Глава одиннадцатая

Следователя — того, у которого были огнестрельные ранения в живот, — звали Алексей Петрович Перевезенцев. Владимир видел только что заведенную историю болезни Перевезенцева у Маргариты на столе. Правда, кроме паспортных данных, там и читать-то еще было нечего…

Нестеров присел возле Маргариты и с минуту с интересом наблюдал, как ловко она раскладывает на подносе с ячейками таблетированные лекарства.

Маргарита протянула ему таблетку; улыбнулась, отводя в сторону глаза:

— Это вам, поскольку вы уже здесь.

Нестеров проглотил таблетку, кивнул с сторону операционного блока:

— Я думал, такое бывает только в кино.

— Вы о чем? — Маргарита не отрывалась от работы.

— Перестрелки. Огнестрельные ранения… В кино или где-нибудь далеко… В наше-то время!..

— Почему же! Сейчас даже очень часто. Особенно в последнее время. Даже я уже перевидала — хотя практики-то у меня без году неделя. Оружия стало много у людей… Даже подростков привозят, не только мужчин… И женщин кстати! Тоже подстреливают — но здесь все больше на любовной почве.

— И женщин? — удивился Нестеров. — Лучше бы они постреливали глазами.

Маргарита, действительно, стрельнула в него глазами:

— А вас, Владимир Михайлович, разве еще не подстрелили? — она была не прочь пококетничать.

— Подстрелили, но, увы! Уже вылечили. Только рубцы остались…

— На сердце?

— Все изранено мое сердце, — с улыбкой признался Нестеров. — И не знаю, что еще предстоит…

Их незатейливый разговор прервал звонок телефона внутренней связи.

Рита Милая взяла трубку:

— Хирургия…

Ей что-то сказали с того конца провода.

Глаза Маргариты стали серьезными, потемнели:

— О, только не это!.. — выдохнула медсестра и положила трубку.

— Что? — спроси Нестеров.

— Суицид, — ответила Маргарита и, видно, подумав, что ее собеседник может не знать значения этого слова, пояснила: — Самоубийца… Это звонили из приемного. Сказали: какая-то девушка с Васильевского острова.
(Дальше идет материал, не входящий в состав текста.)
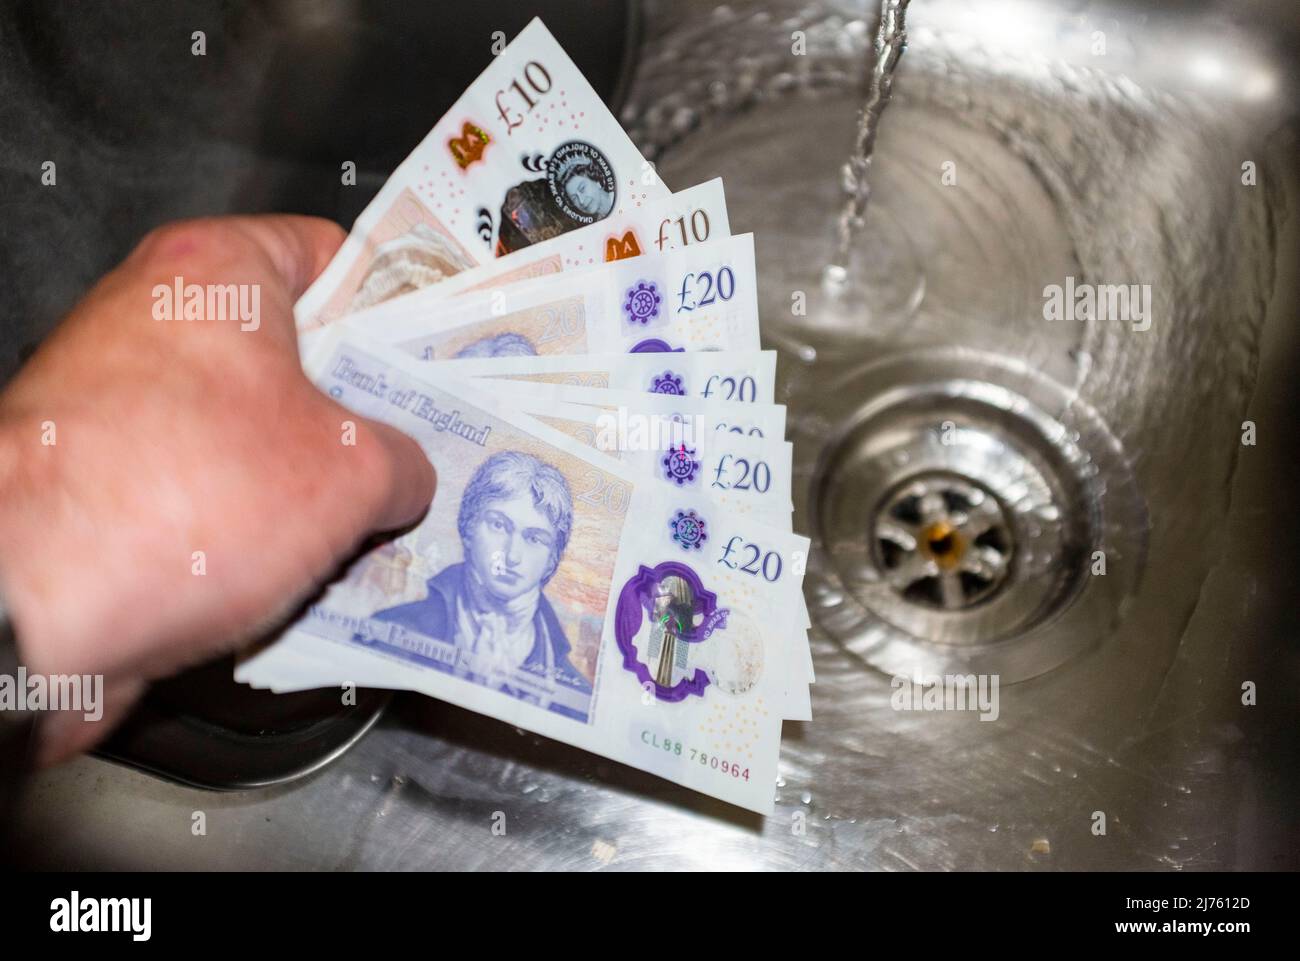 Mani che tengono £20 e £10 note per illustrare i contanti in mano e pagare in contanti o gettando soldi giù lo scolo Foto Stock

В конце коридора хлопнула дверь. Санитары толкали перед собой каталку. Кто-то держал на весу капельницу. Врач приемного отделения — эмансипированная девица с короткой стрижкой — быстро вышагивала впереди. Полы ее незастегнутого халата развевались у нее за спиной, как полотнища флагов на ветру.

Не оборачиваясь к санитарам, врачиха поторапливала:

— Скоренько, скоренько… Она потеряла много крови…

Тело девушки с Васильевского острова было покрыто простыней. На простыне алели пятна крови.

Уже издалека врач приемного покоя обратилась к Маргарите:

— Куда ее?

— Во вторую операционную…

— А в первой что?

— Огнестрельные ранения в живот.

— Быстрее, быстрее, ребята! Не то мы ее потеряем… — врач остановилась у поста медсестры, пропустила санитаров вперед.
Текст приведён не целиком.